The median income for a household, per the 2020 American Community Survey, was $75,000. 7.0% of the total population lived below the poverty line.

===2000===
As of the census of 2000, there were 1,499 people, 609 households, and 414 families residing in the town. The population density was 38.2 PD/sqmi. There were 913 housing units at an average density of 23.3 /sqmi. The racial makeup of the town was 97.60% white, 0.47% African American, 0.20% Native American, 0.73% Asian, 0.40% from other races, and 0.60% from two or more races. Hispanic or Latino of any race were 2.20% of the population.

There were 609 households, out of which 29.9% had children under the age of 18 living with them, 57.1% were married couples living together, 6.1% had a female householder with no husband present, and 32.0% were non-families. 25.9% of all households were made up of individuals, and 10.8% had someone living alone who was 65 years of age or older. The average household size was 2.45 and the average family size was 2.99.

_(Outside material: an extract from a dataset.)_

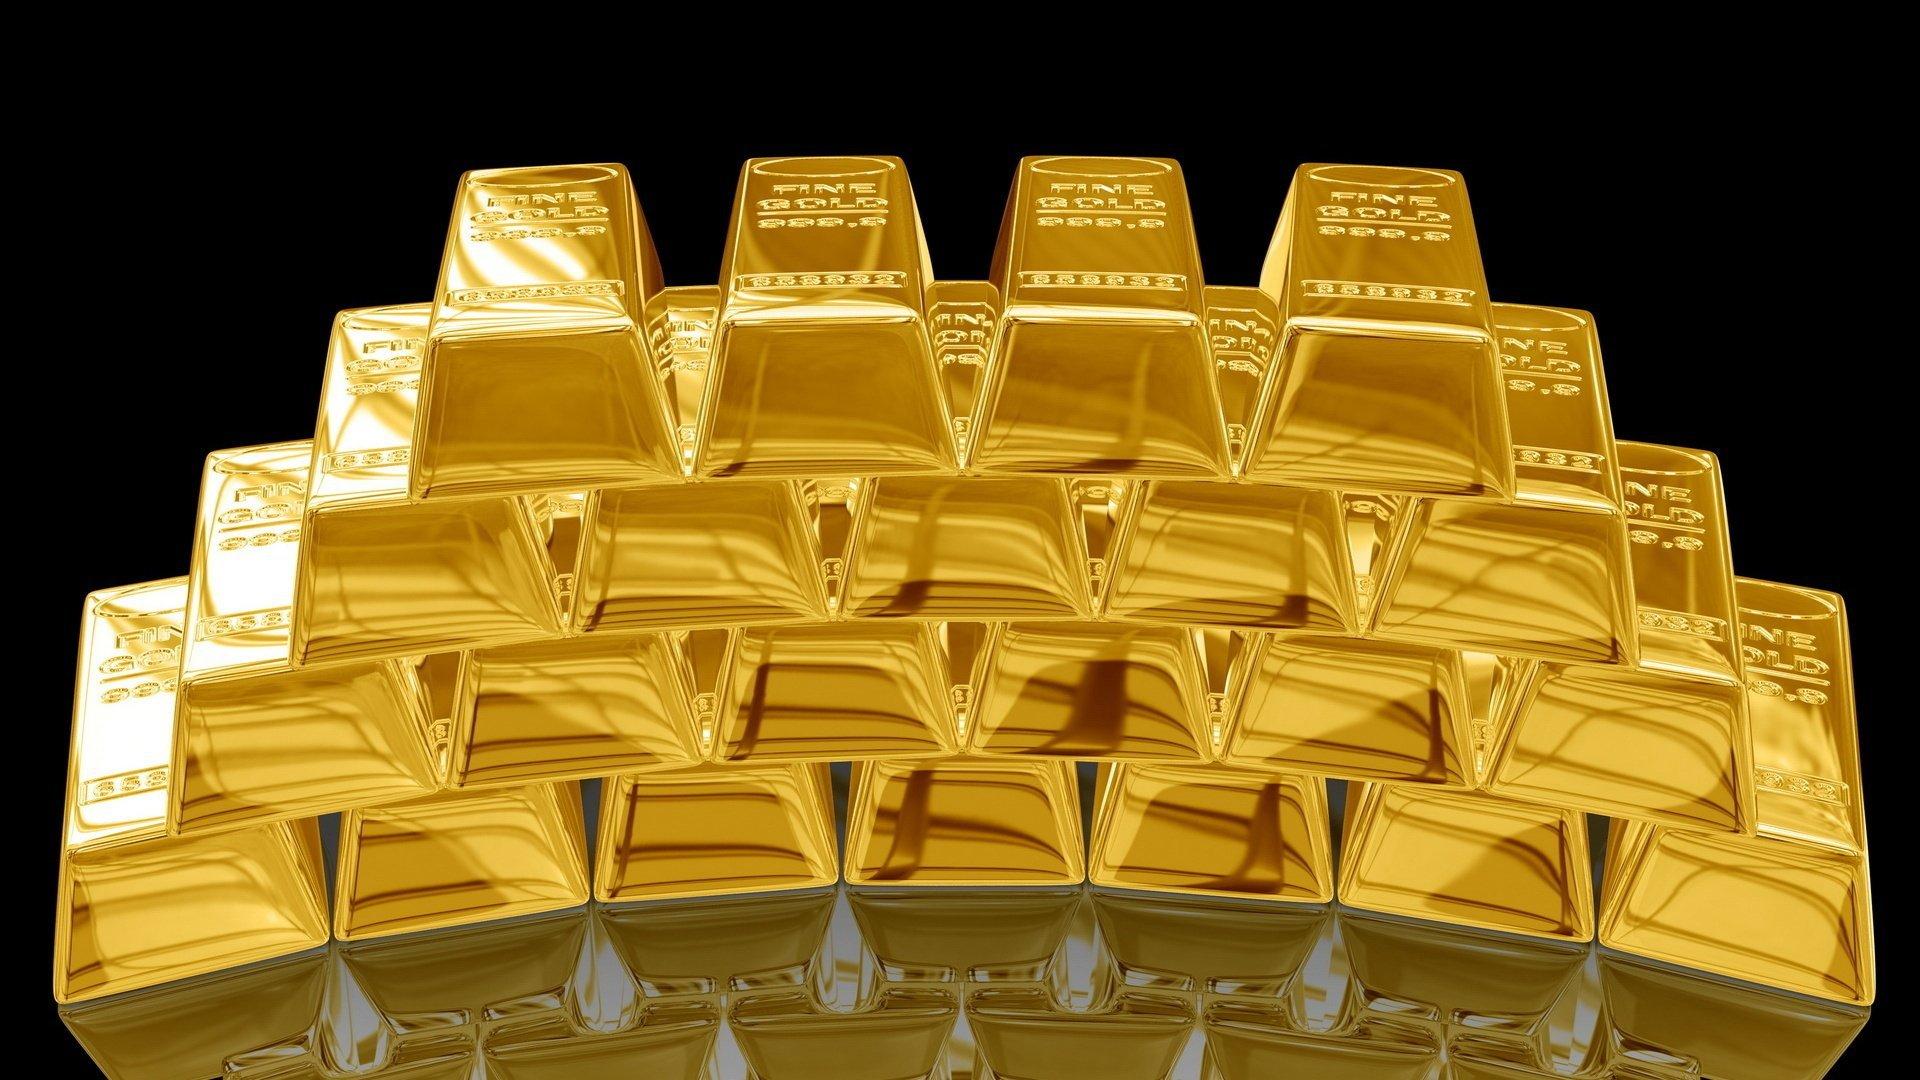 Giá vàng hôm nay 2/4: vàng SJC giảm 10.000 đồng/lượng 1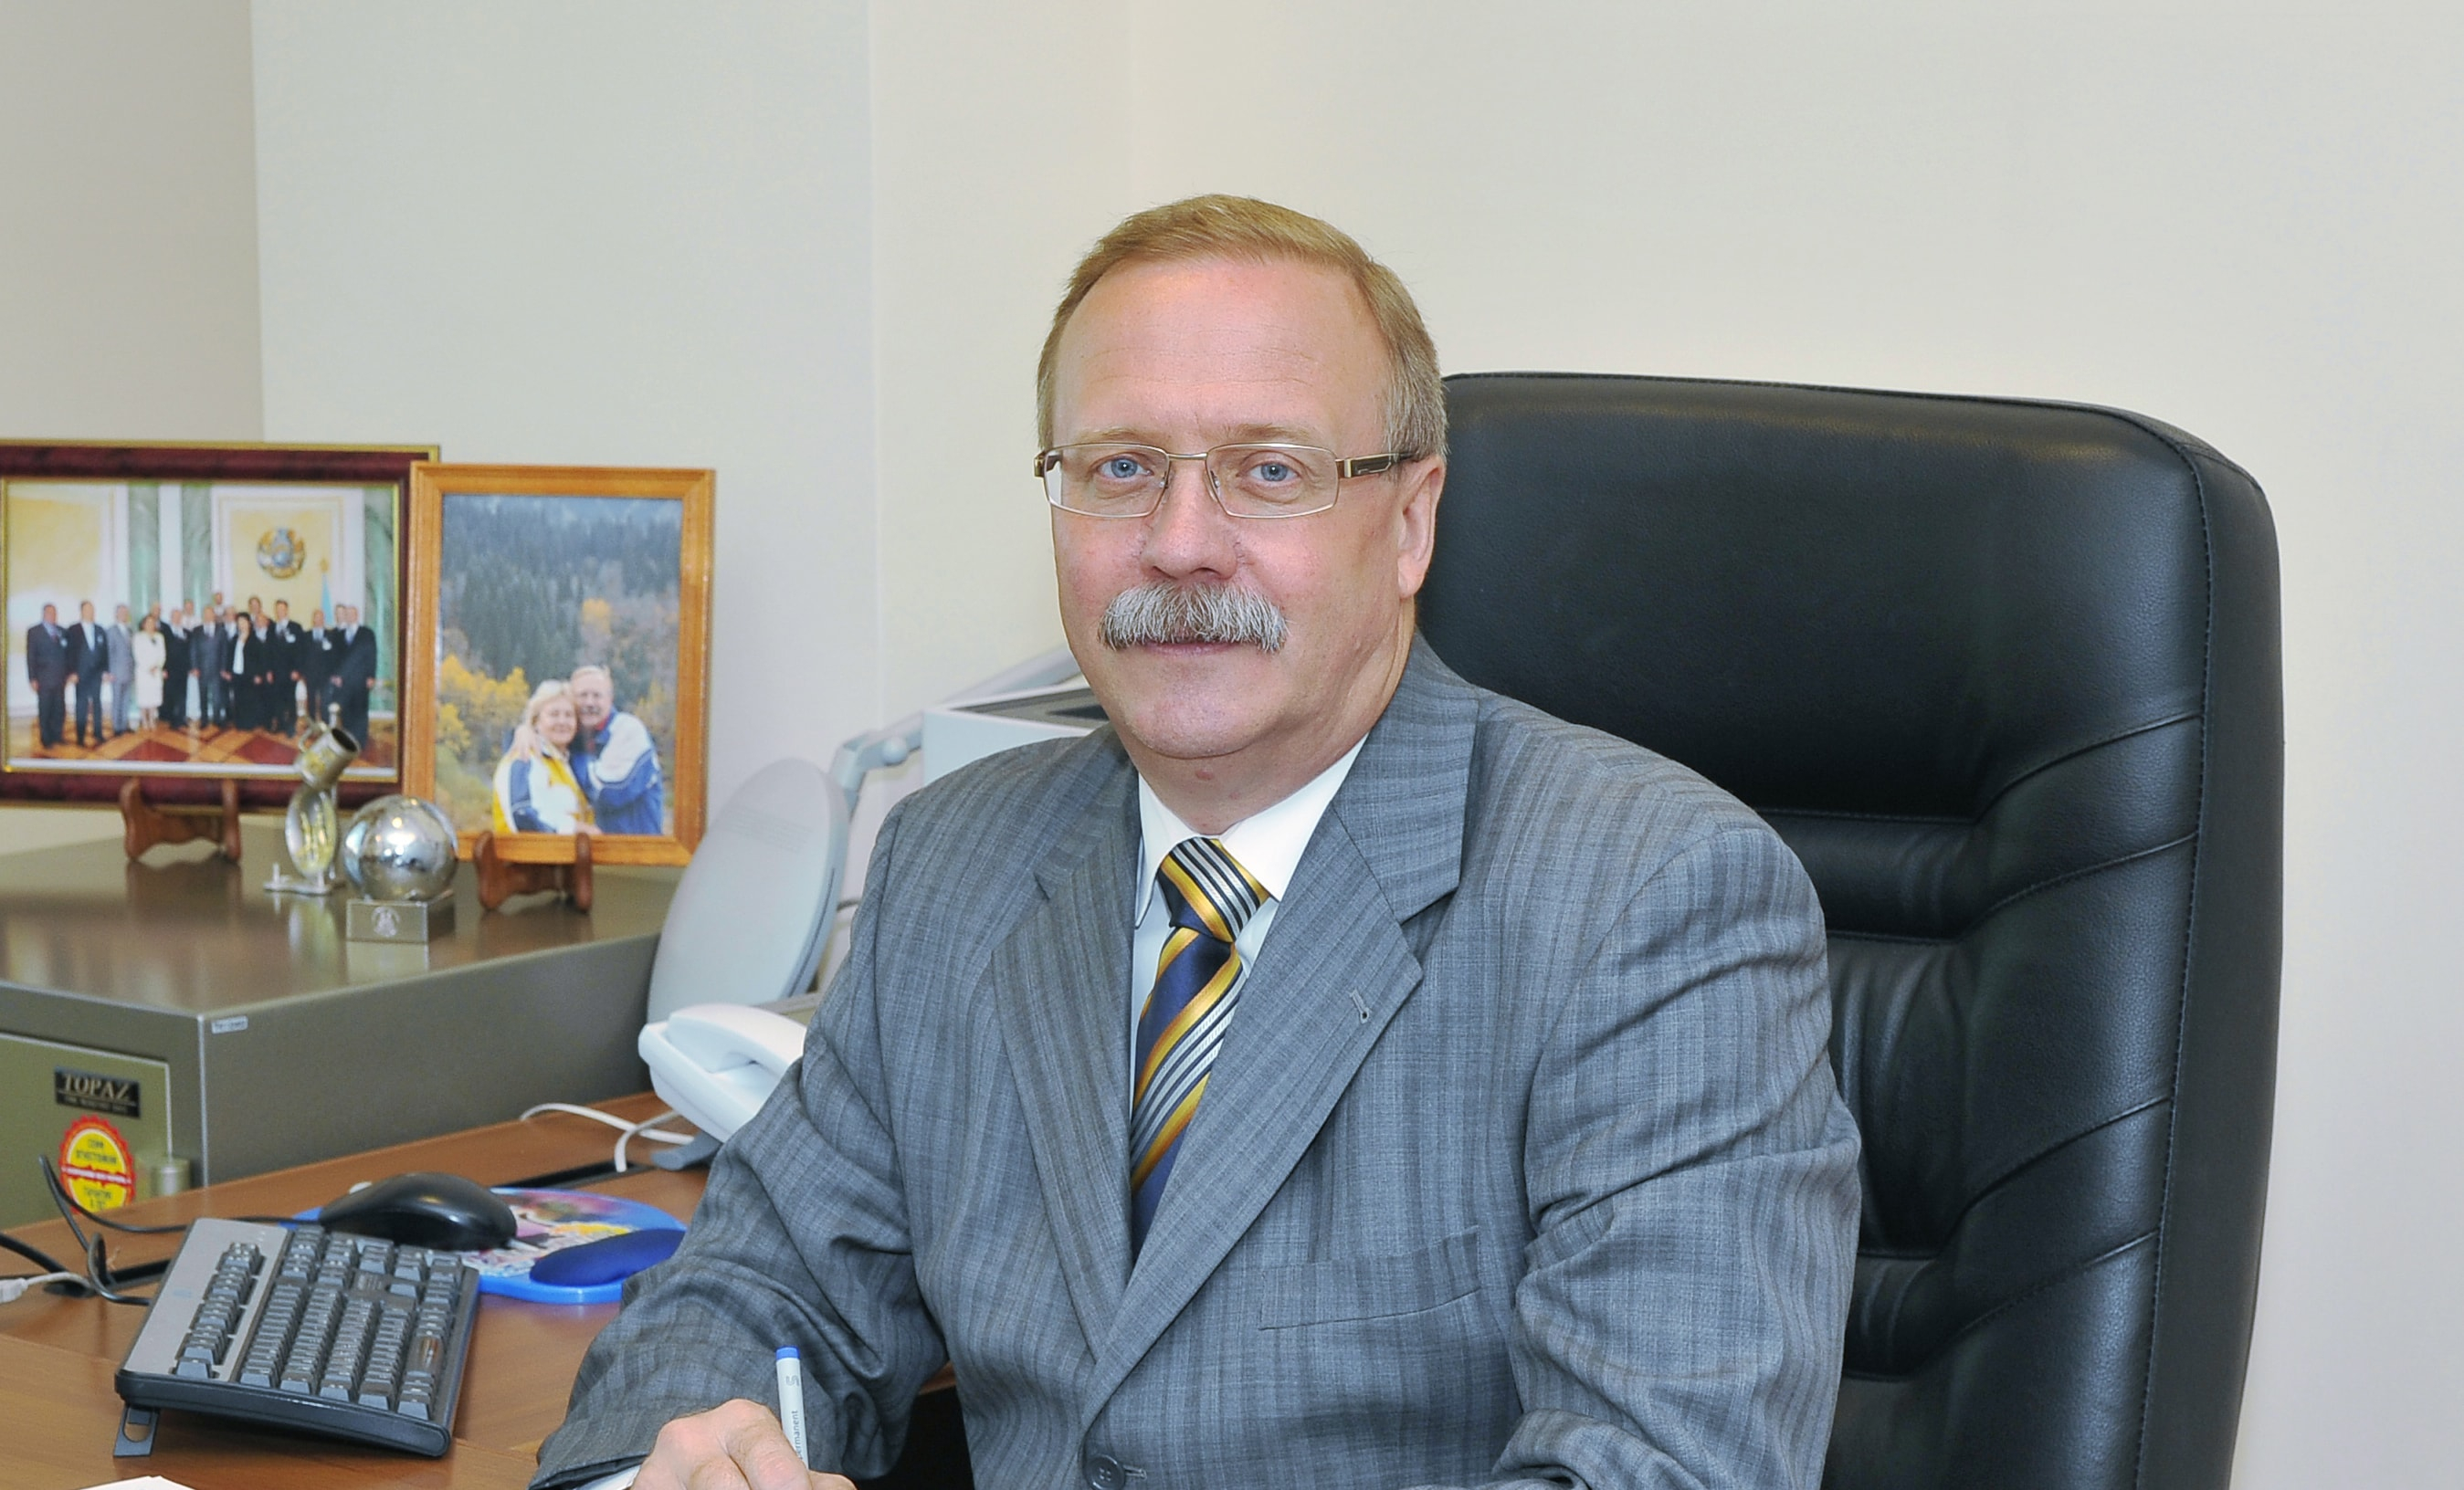 Малиновский Конституциялық кеңес мүшесі болып тағайындалды

In the town, the population was spread out, with 23.1% under the age of 18, 5.4% from 18 to 24, 28.0% from 25 to 44, 28.1% from 45 to 64, and 15.4% who were 65 years of age or older. The median age was 42 years. For every 100 females, there were 103.7 males. For every 100 females age 18 and over, there were 103.7 males.

The median income for a household in the town was $42,454, and the median income for a family was $48,393. Males had a median income of $35,500 versus $23,375 for females. The per capita income for the town was $21,041. About 2.9% of families and 5.6% of the population were below the poverty line, including 3.5% of those under age 18 and 9.9% of those age 65 or over.

== Communities and location in Gallatin ==
- Elizaville - A hamlet at the western town line.
- Gallatinville - A hamlet in the eastern part of town on County Road 7.
- Jacksons Corners - A location at the southern town line, near the Taconic Parkway.
- Lake Taghkanic State Park - Surrounding Lake Taghkanic near the northern town line.
- Mount Ross - A hamlet at the town line on the Roeliff Jansen Kill.
- Silvernails - A hamlet south of Gallatinville.
- Snyderville - A hamlet in the northwestern part of the town. The William and Victoria Pulver House and Snyderville Schoolhouse are listed on the National Register of Historic Places.
- Spaulding Furnace - A hamlet southwest of Gallatinville.
- Long Hollow Golf Course - A golf course and clubhouse, established in 1983.
- Historic Rose Mont - An event space for weddings, meetings, and other events, owned by the City of Gallatin.
- Thompson Park - A skateboard park in Gallatin, which also showcased a mural of Ray Underhill by Bryan Deese. Ray is a Gallatin native who was Tennessee's first professional skateboarder.